With government subsidies, crop insurance, etc, farming is a lucrative business. And if you aren’t any good at farming, you can rent out your farmland and make even more money. And if your farmland happens to be on the edge of civilization, you can turn it into a subdivision and retire a multimillionaire.

I remember talking to one farmer back in the 90’s who was bitching to high heaven that he only cleared 80 grand after expenses and taxes that year. Most Americans didn’t make that before taxes.

Yes, but the farmers chose to grow all that corn because Congress subsidized ethanol. The farmers followed the money just like we all do. That’s how capitalism works, you try to maximize your return on investment. Congress are the ones to be blamed for making bad policy and subsidizing a boom that turned into a bust.

As for all the other bad farm policies (subsidies, etc), that’s also Congress’s fault.

Just another example of how the government (regardless of party) is a bad at making many kinds of decisions. Use them only when ABSOLUTELY NECESSARY (if then)…

Its frankly amazing to me how many people keep saying “the government the government the government.” This was not at all even in the slightest bit pushed by government. This came from the very machinery of capitalism once it is done in gigantic corporate form. Continue to look at the puppet if you want, but it does no good to ignore the puppeteer.

"Corn is for food. "

Correction. Corn is for whiskey - like the finely aged stuff from a nice charred oak barrel.

I don’t understand - congress enacted the laws, president approved them, EPA published (crazy) regulations, all related to ethanol. If you’re saying they did it in response to pressure from big ag, whatever, fine, but nothing had to happen until the government put it in place…

Whatever texases. Continue to worry about half the problem and make it all as simple as trite and meaningless lines about how bad government is at stuff.

Aside from that, it seems to be, btw, that if elected reps (regardless of party) go to congress and represent the interests of their constituents - well, isn’t that their job?

I don’t disagree with anyone about ethanol.

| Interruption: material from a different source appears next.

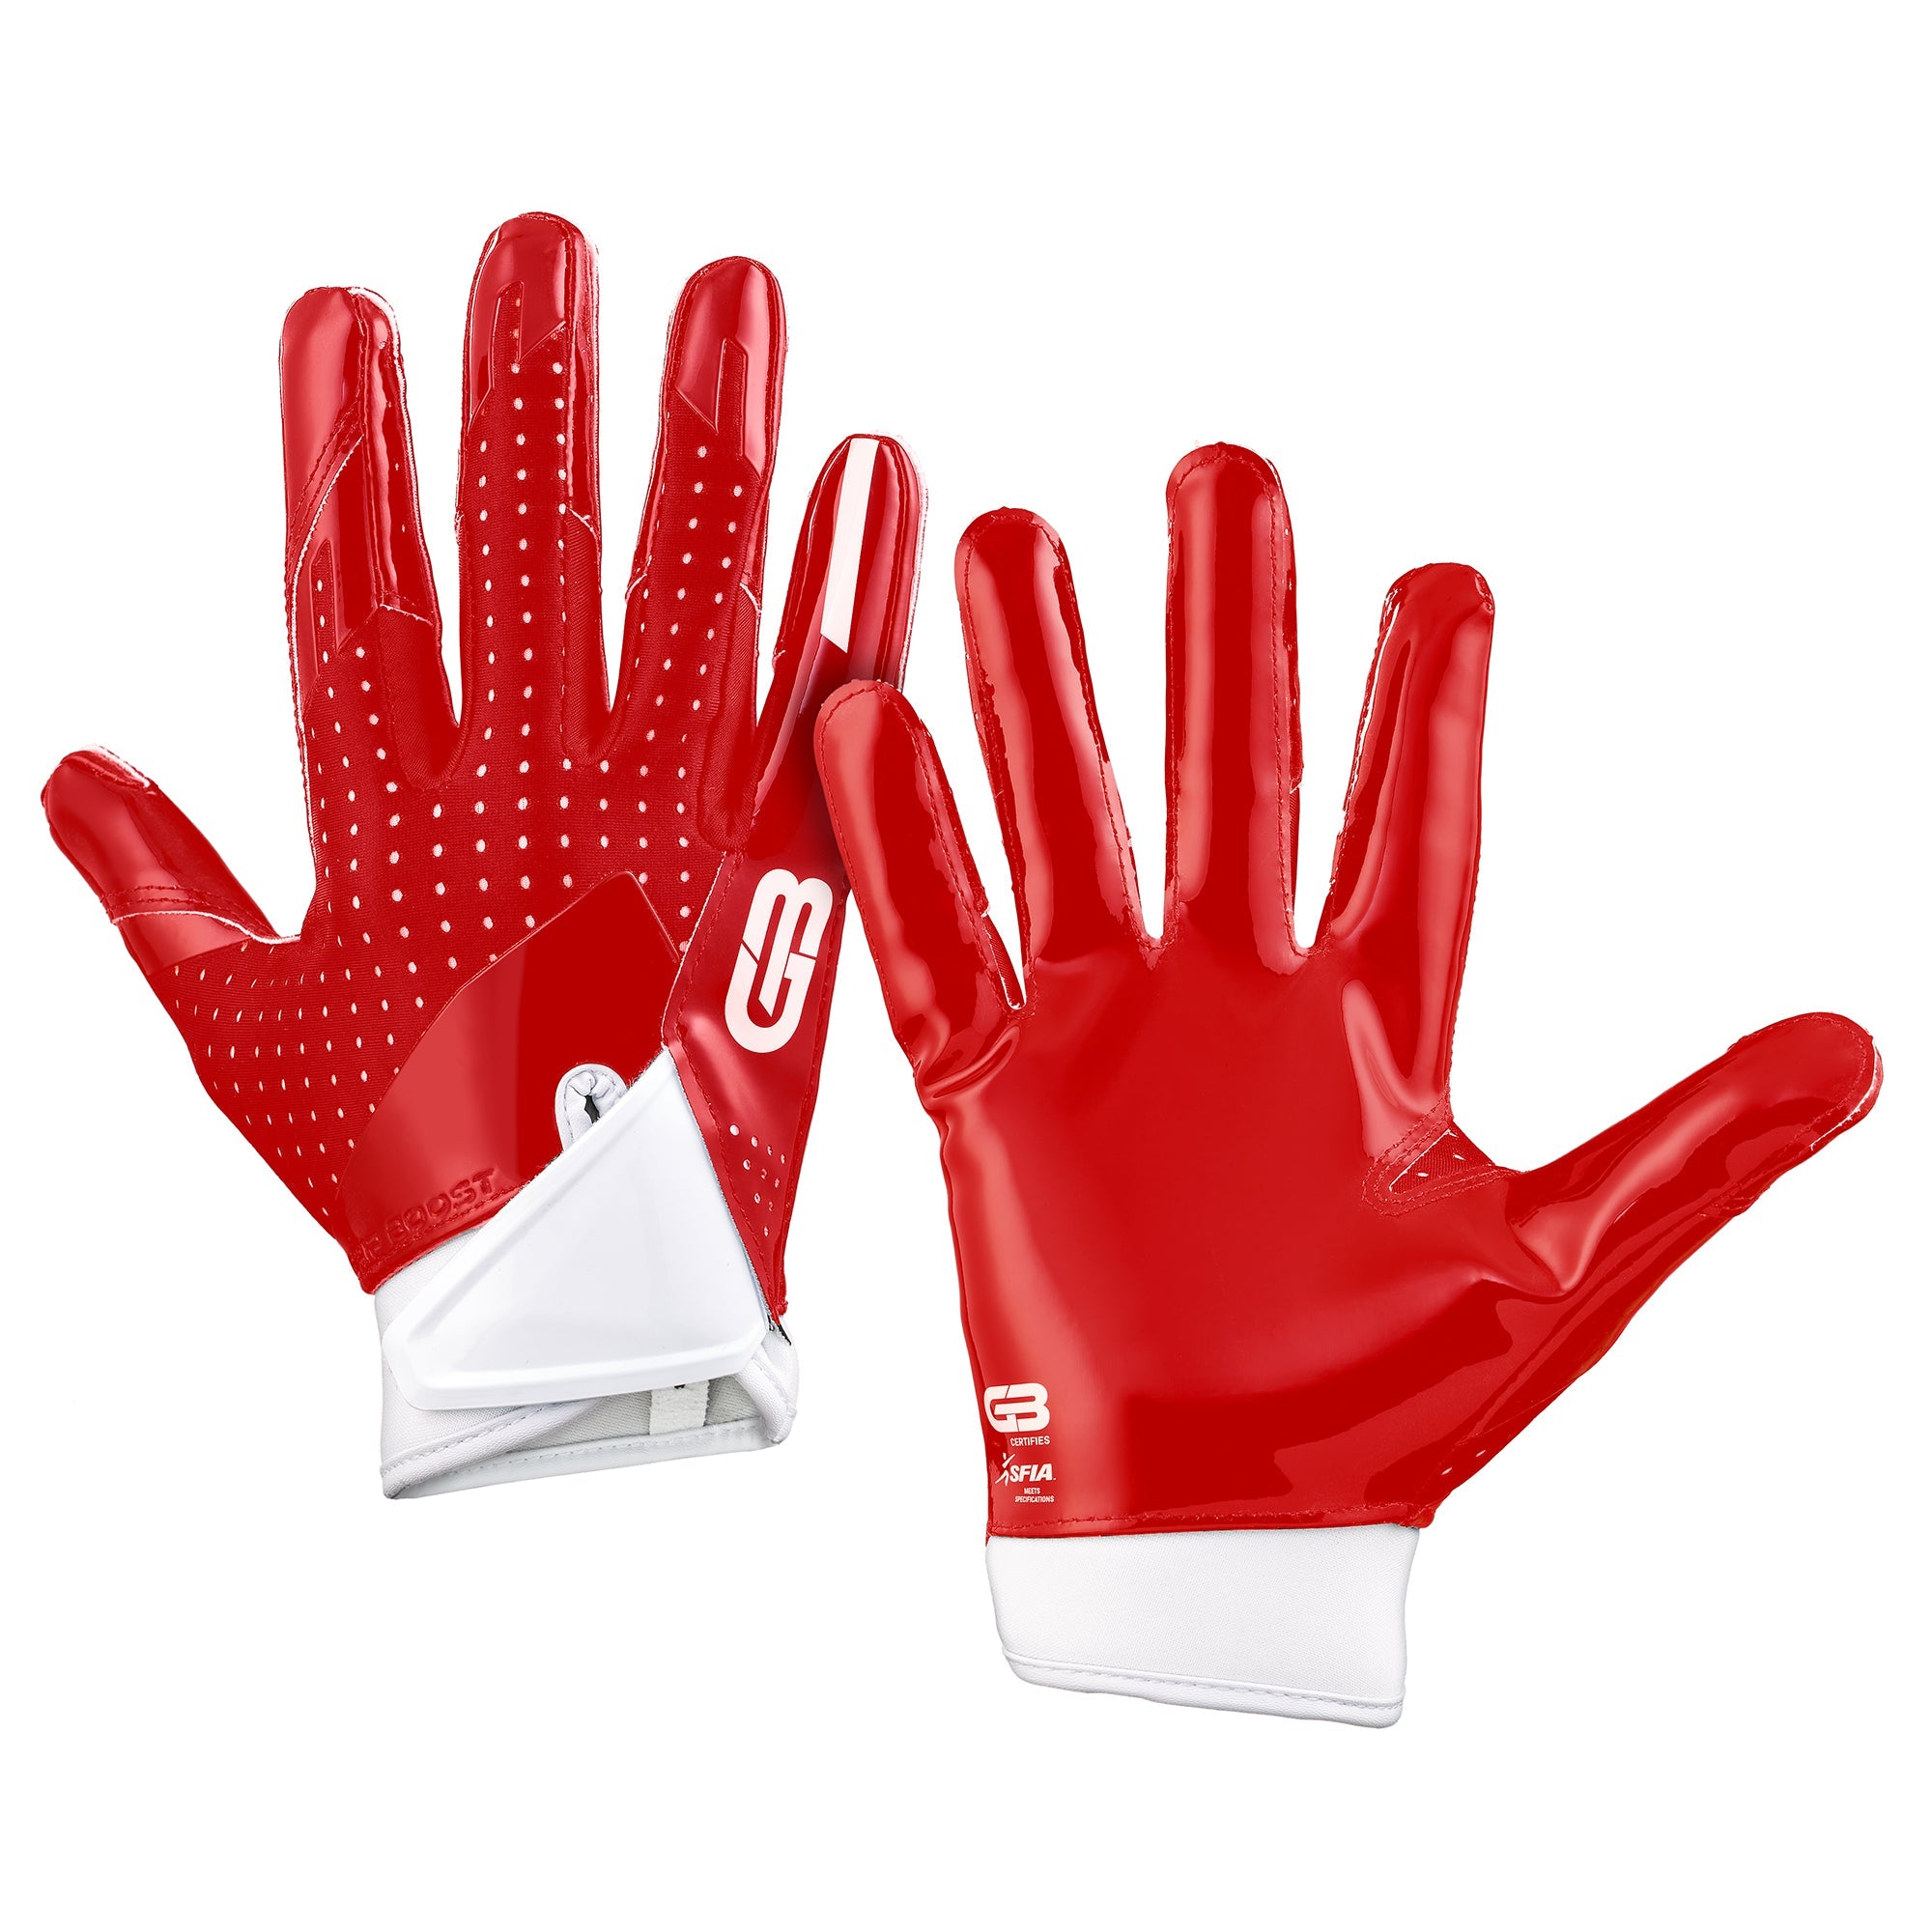 Solid Football Gloves - Grip Boost

I just think it’s counterproductive to keep exclusive focus on government as the issue. The longer people do that, the longer the same sh tuff keeps going on.

When all is said and done, however, people get the goverment they deserve, unless it is overthrown by outside forces.That tends to be true only in smaller and weaker countries. The Ukraine is a current example of Russia undermining the normal political process. Neither Canada or Mexico has much influence on US politics.

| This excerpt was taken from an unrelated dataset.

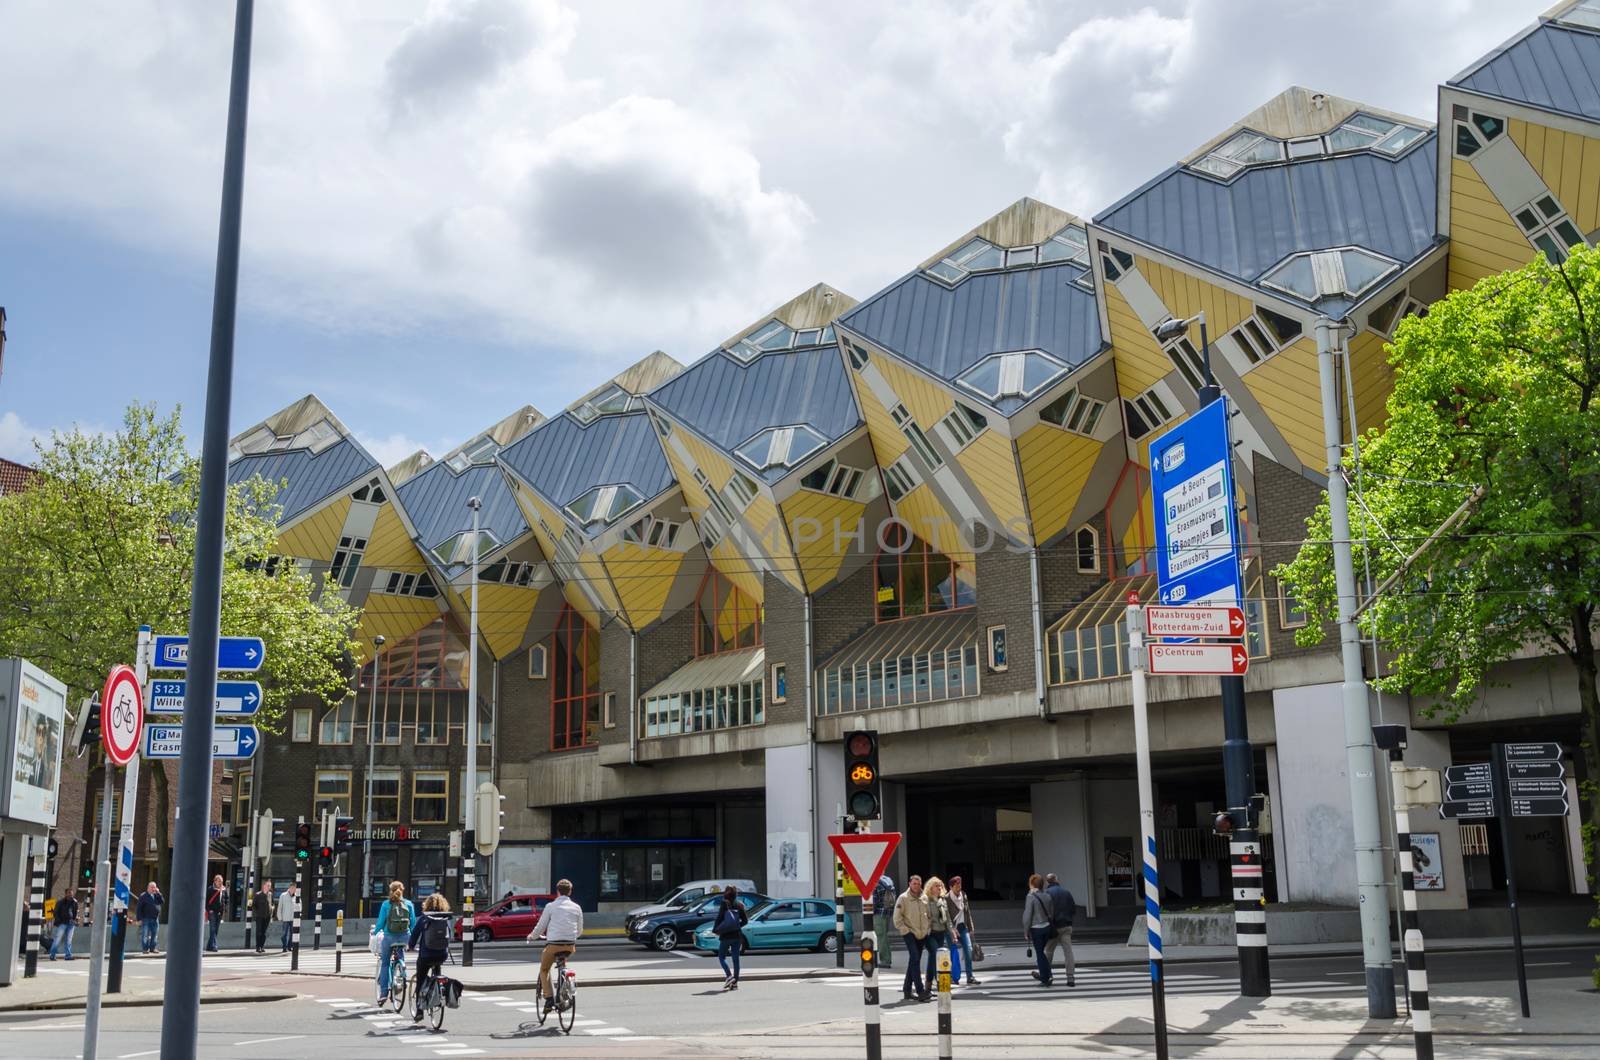 Rotterdam, Netherlands - May 9, 2015: Tourist visit Cube Houses in Rotterdam by siraanamwong

The US has, by and large over the ages had good government but with many flawed programs that were designed to bribe the electorate! Left wingers would of course say it was all a conspiracy between big business (capitalists) and the government.

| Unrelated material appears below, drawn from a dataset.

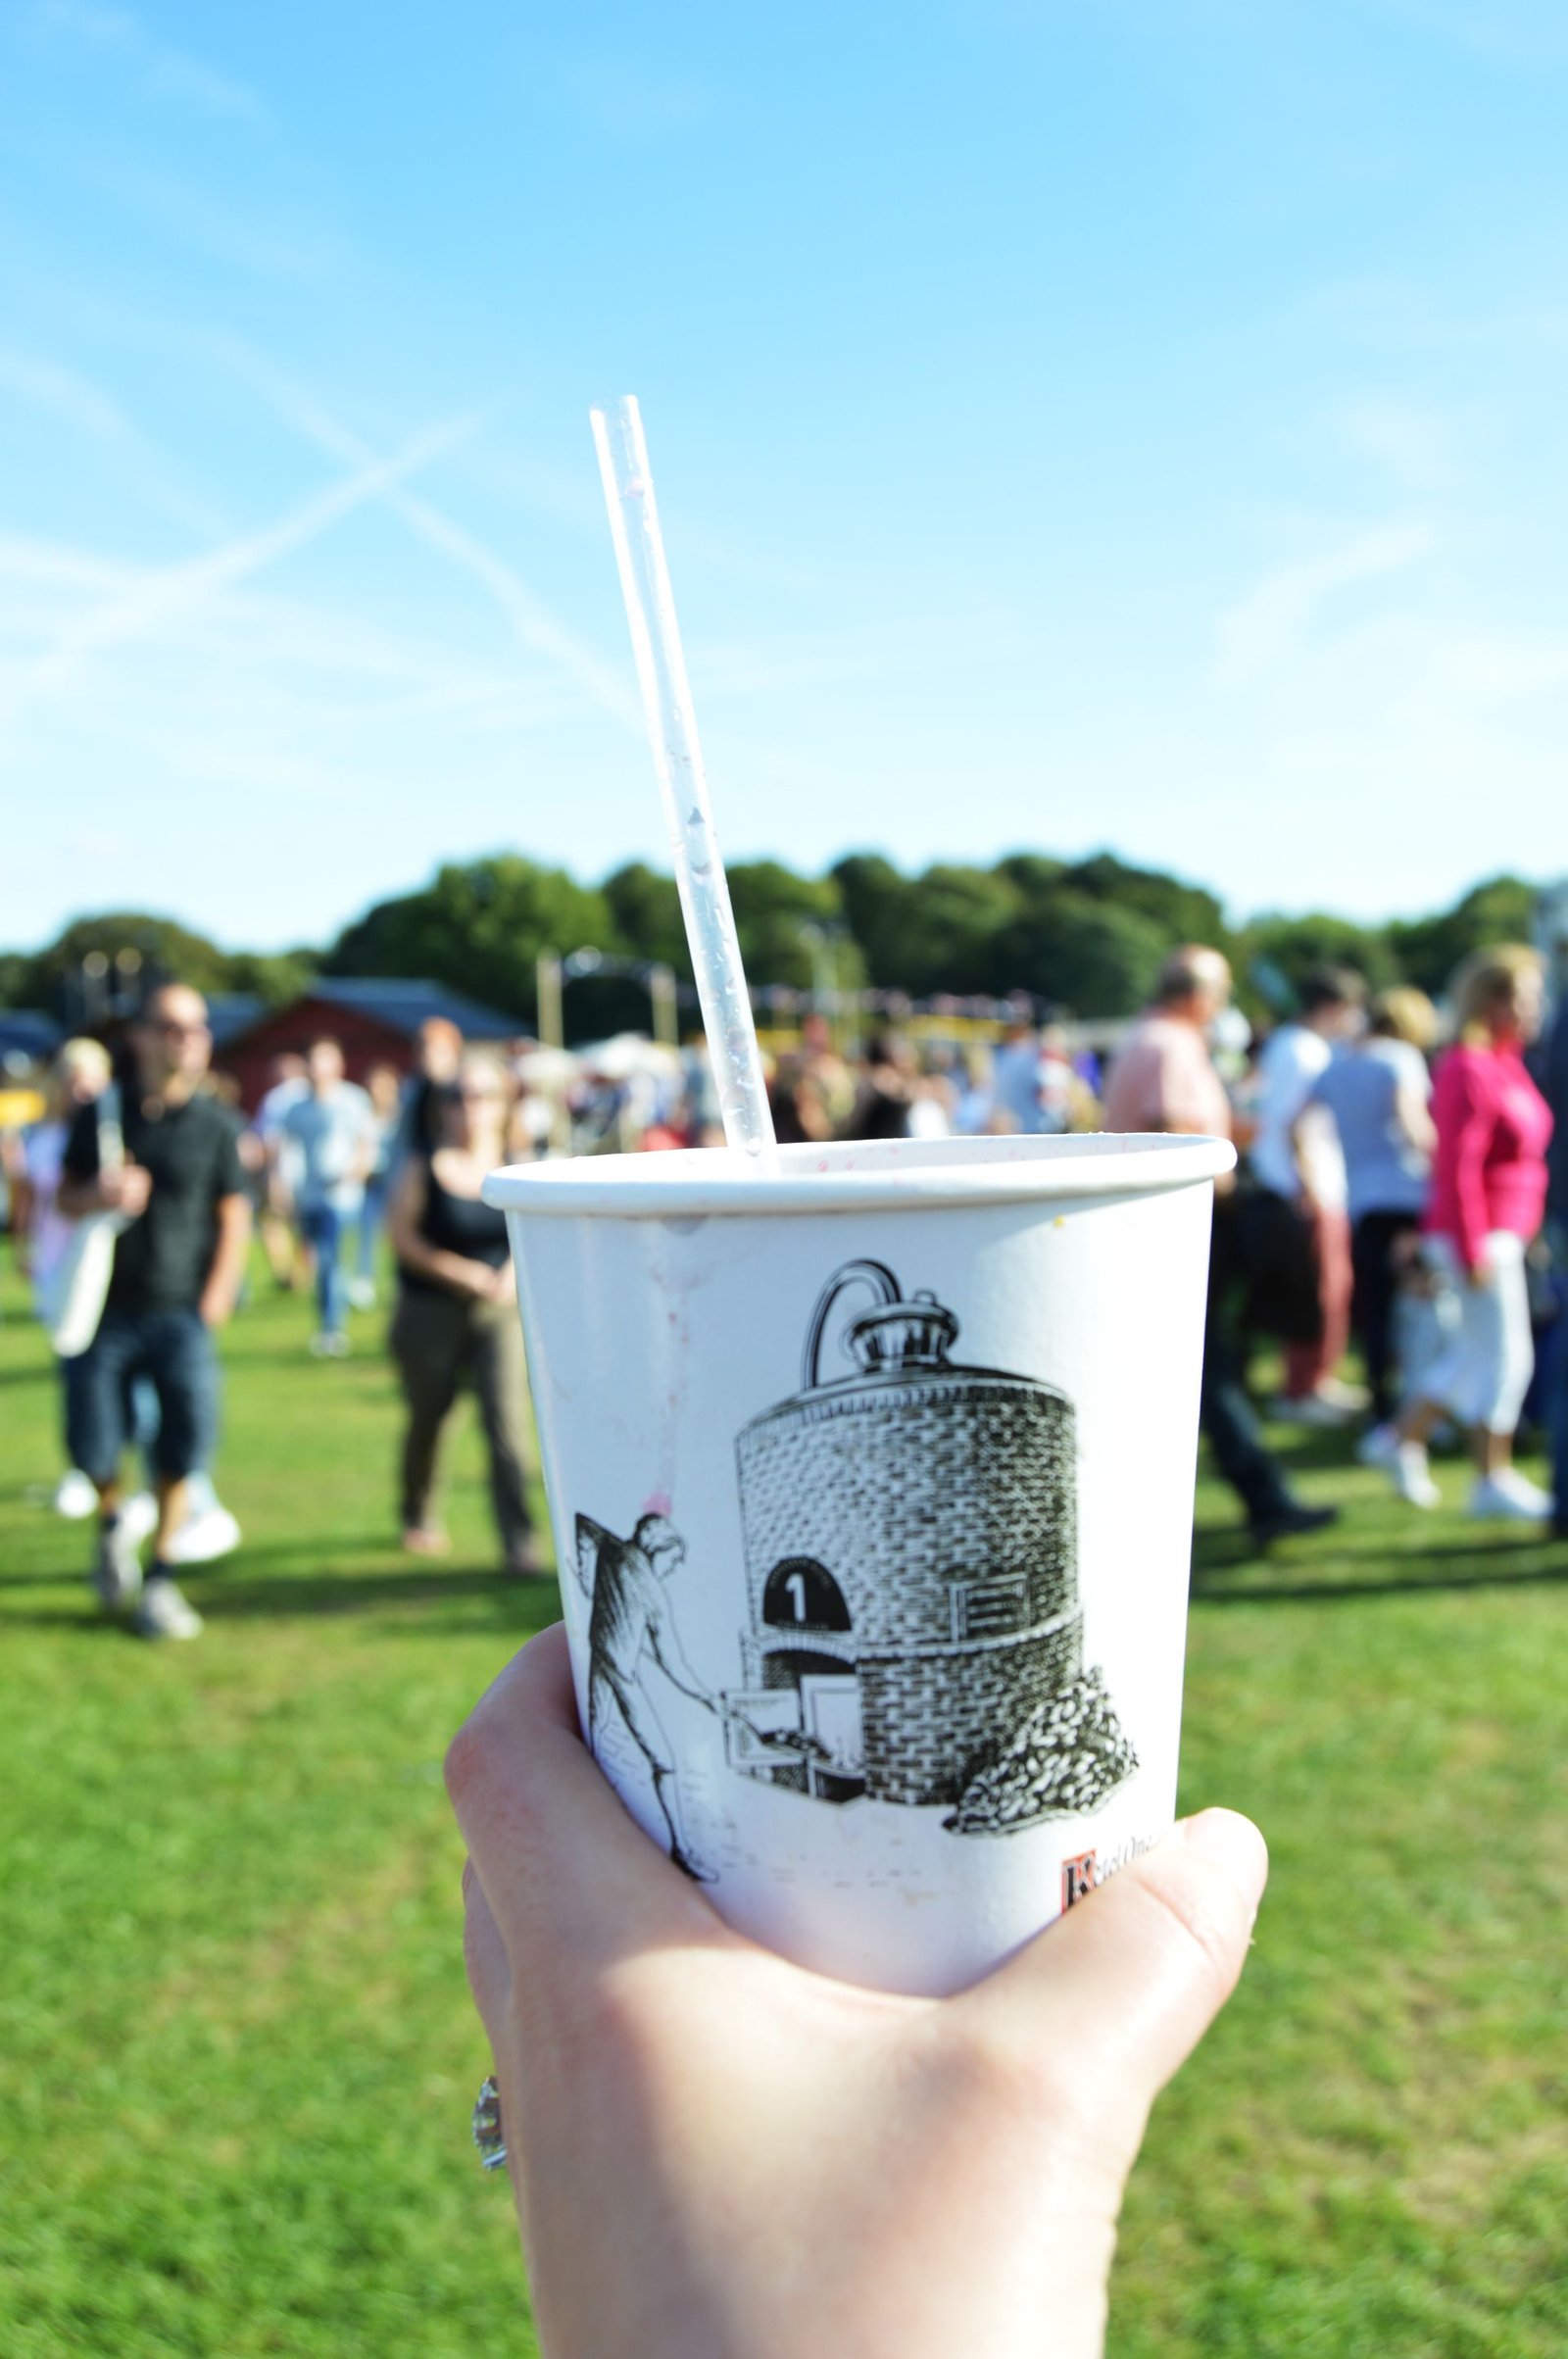 Liverpool Food and Drink Festival is great for tasting so many different food and drinks. You can taste so food from all around the world, food festivals are perfect for it.

We rent out some South Dakota farm land and the values have gone from about $700 to $6000 an acre over the last 20 years. I’m on the fence and have to admit I don’t know enough about the whole issue, but part of the reason for the subsidies is that we needed production to exceed the demand to cope with bad years. Farmers would have reduced output in certain crops to compensate if it wasn’t for the government. Same thing with milk production. Back in the old days farmers would dump the milk rather than sell it at a loss. Then of course in the 80’s when everyone was going broke and farms were being taken back by the banks, wasn’t good for anyone. So not saying there isn’t some adjustment needed but you have to be careful not to destroy a whole industry again that many rural economies count on.